Write out word for word each line from the one containing "Harley-Davidson nuovo motore Milwaukee Eight" through the close of the listing, including both ends. Pictures do not belong in the copy.

**DATASET SECTION**.
== Segment start ==
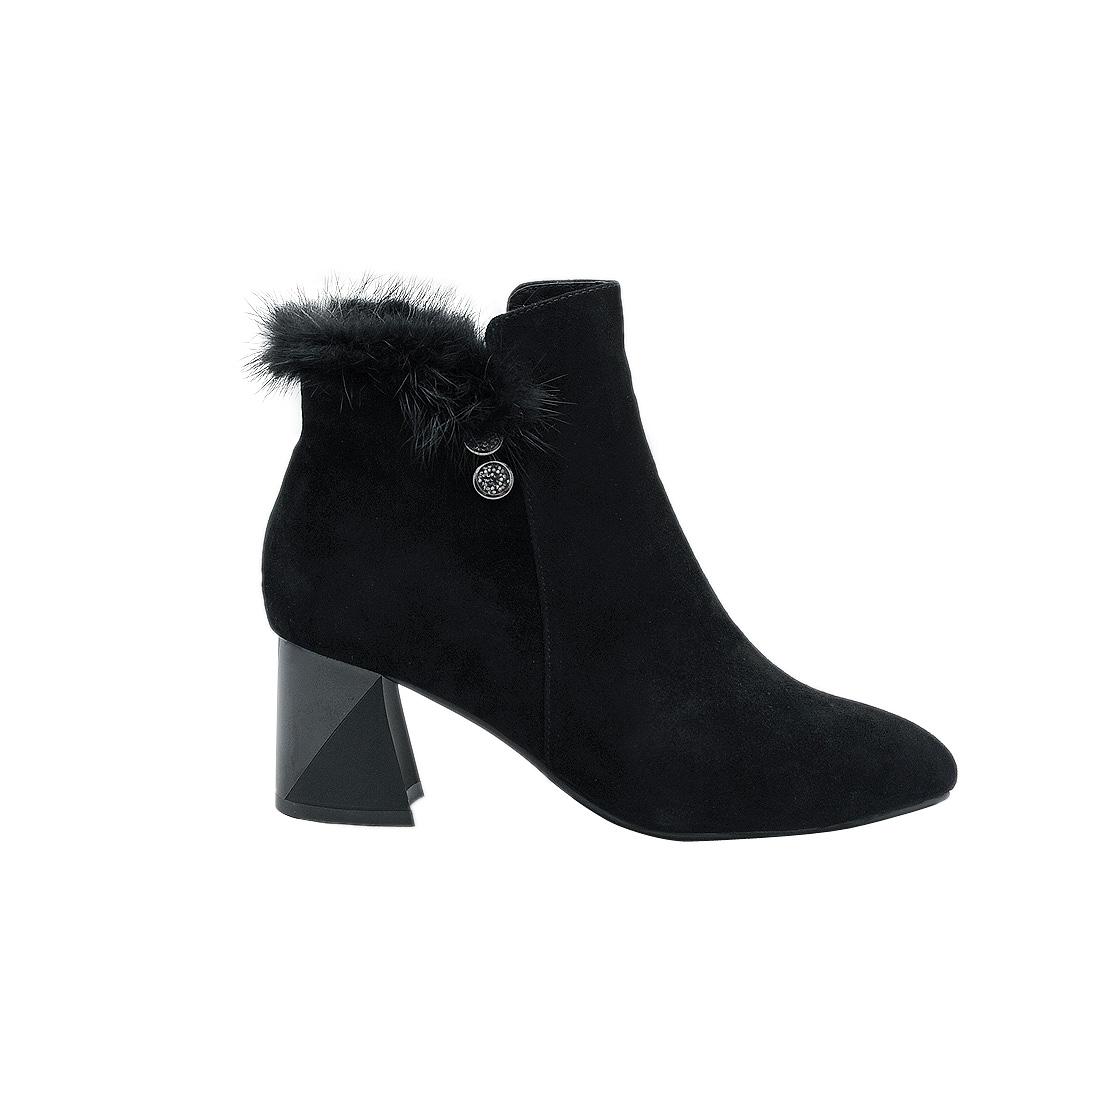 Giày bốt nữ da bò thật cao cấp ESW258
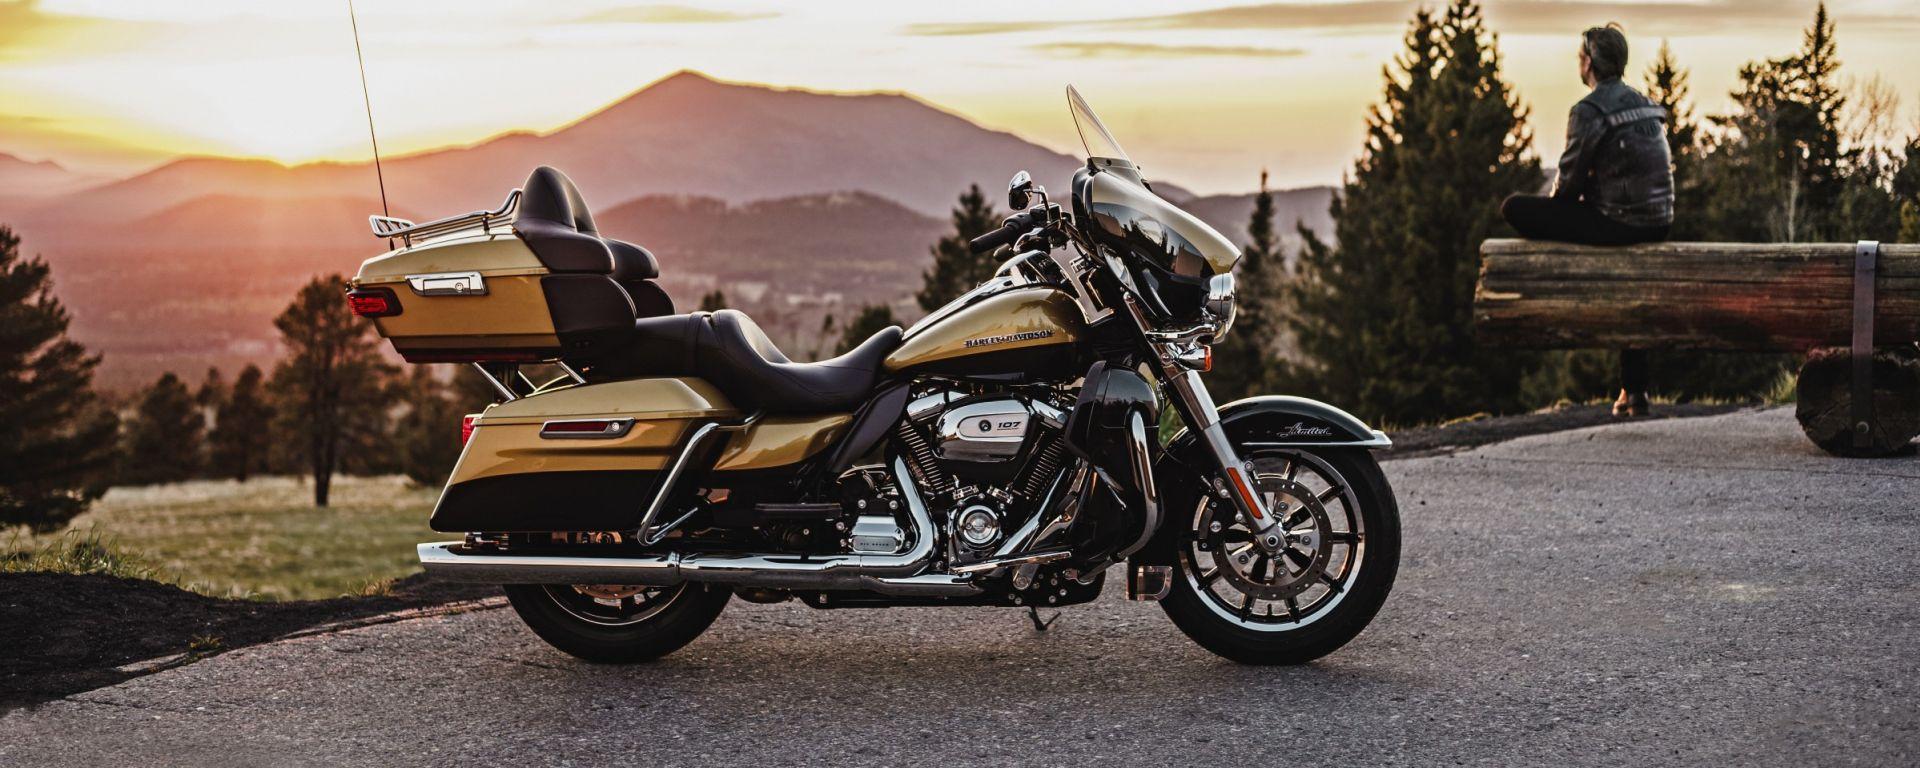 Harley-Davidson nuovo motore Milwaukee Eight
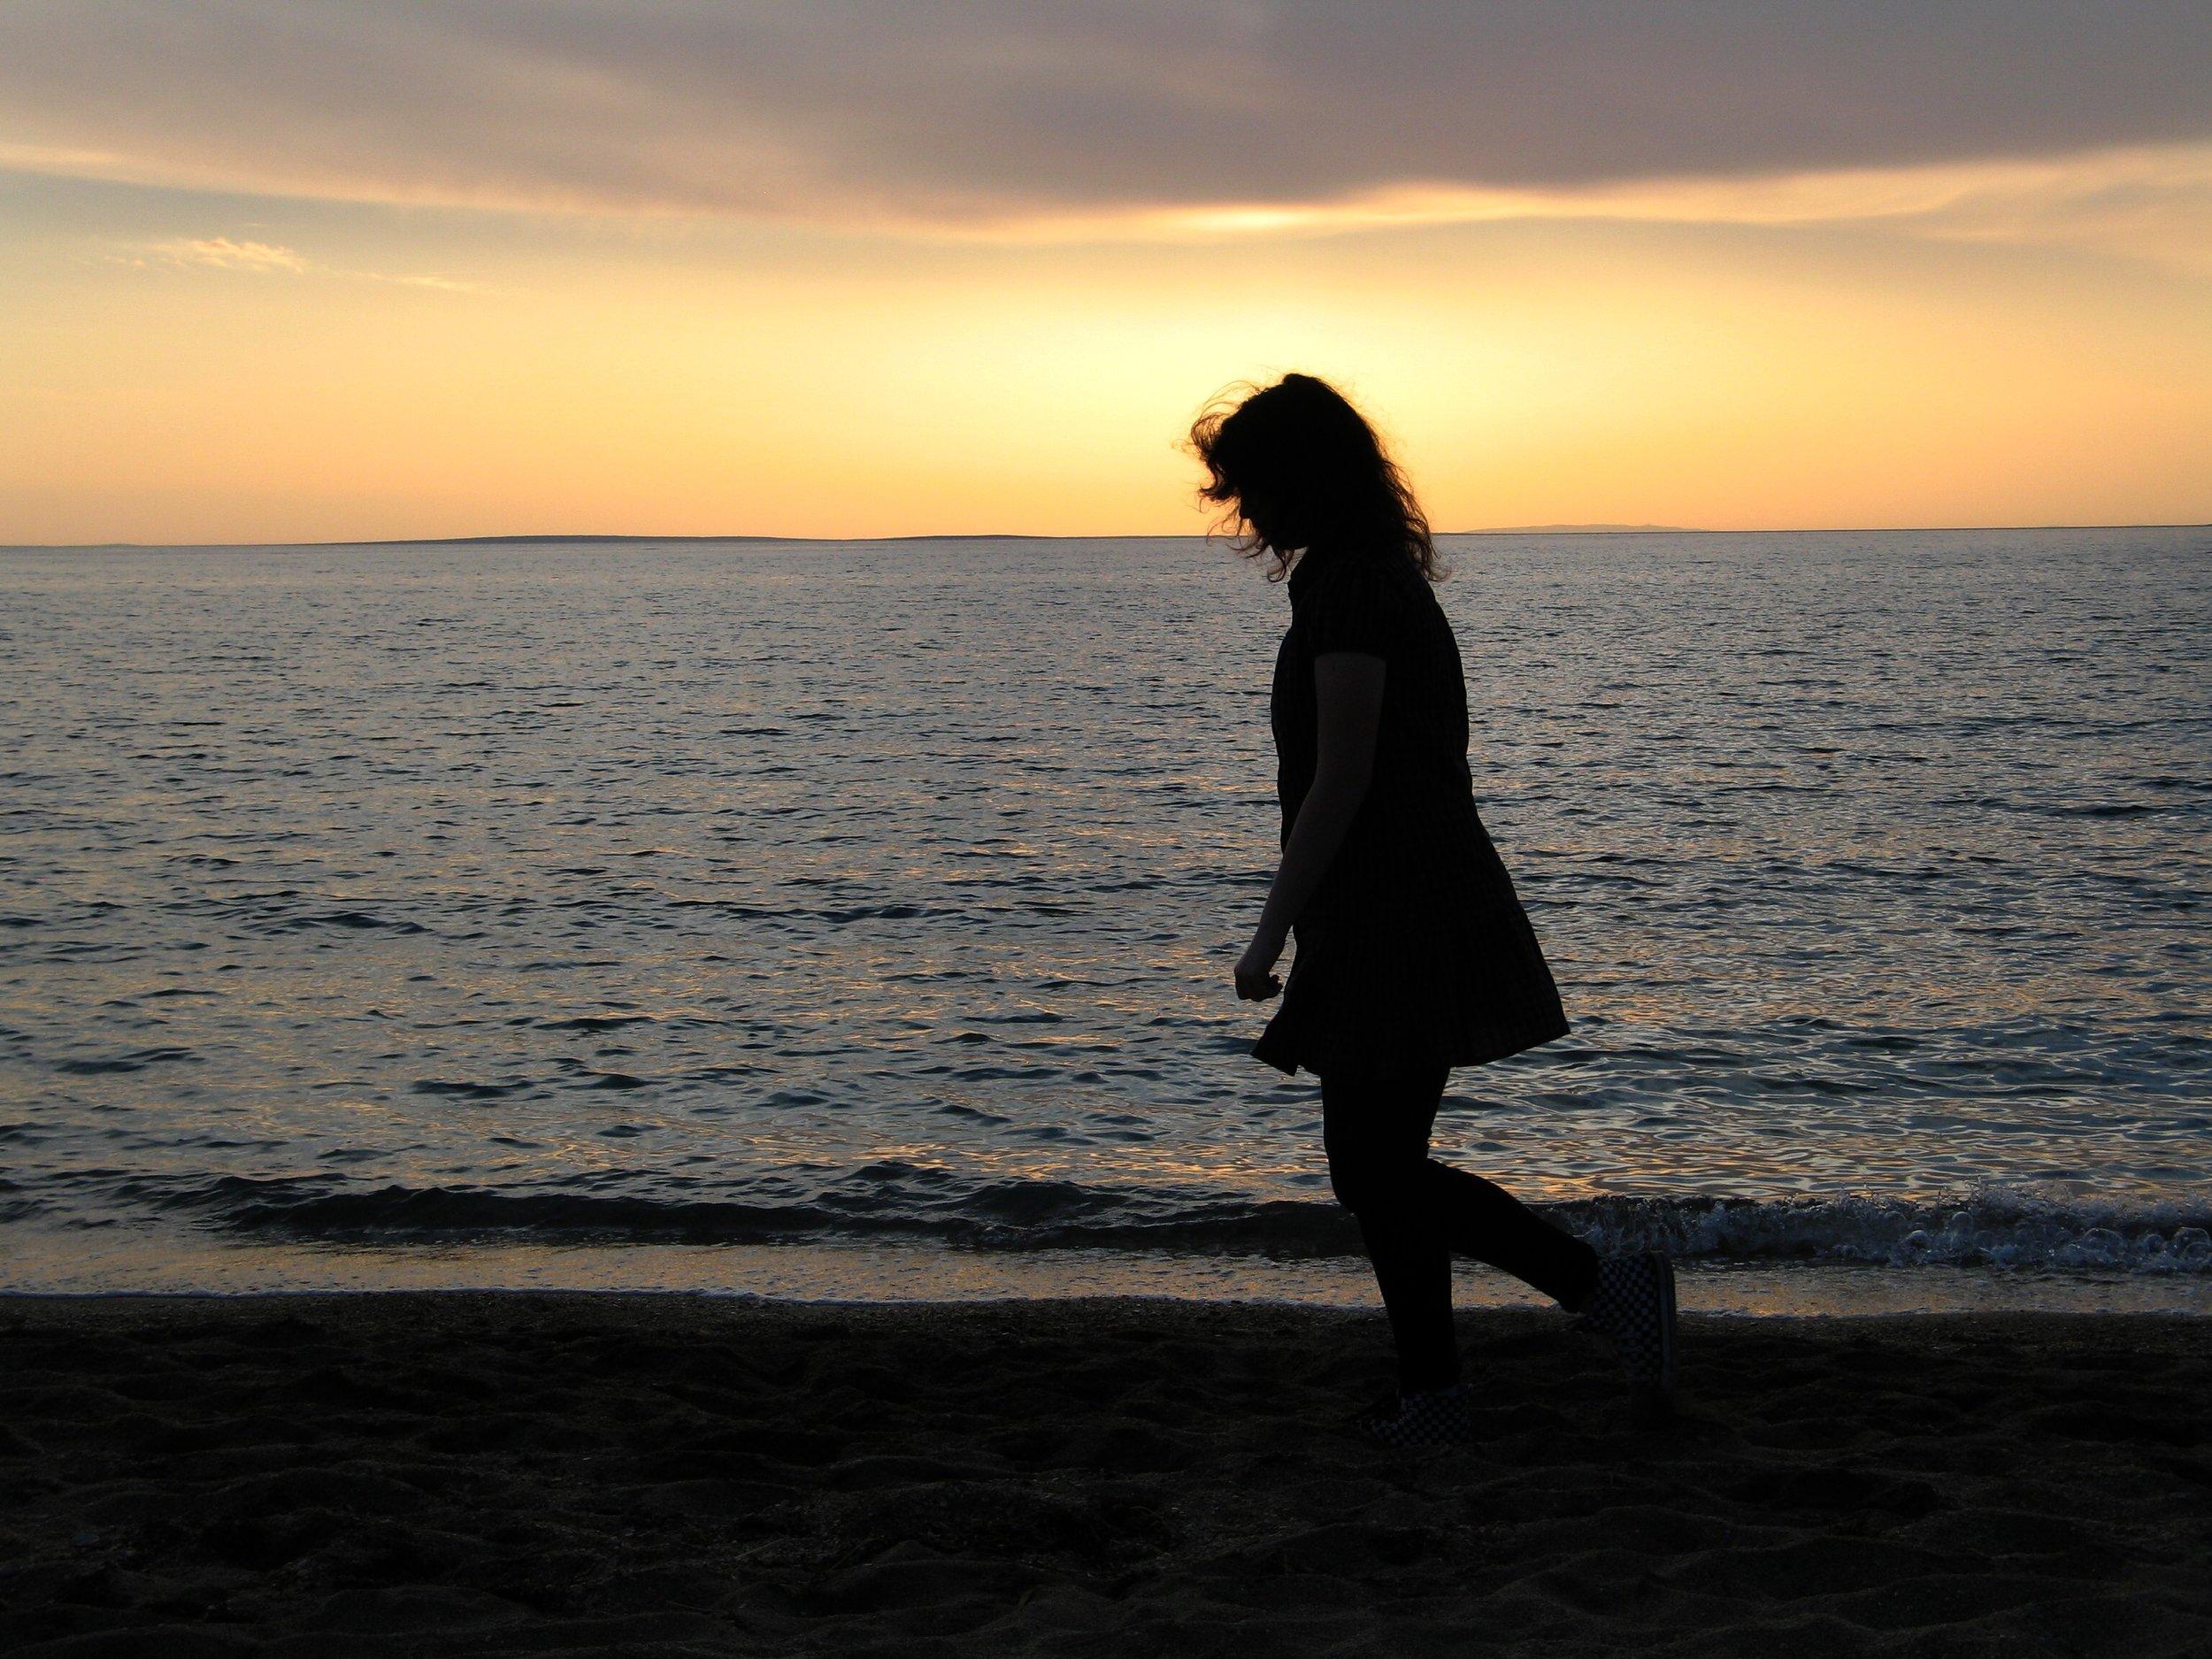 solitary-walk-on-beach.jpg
== Segment end ==
**RESULT OF THE TASK**.
 Harley-Davidson nuovo motore Milwaukee Eight
 solitary-walk-on-beach.jpg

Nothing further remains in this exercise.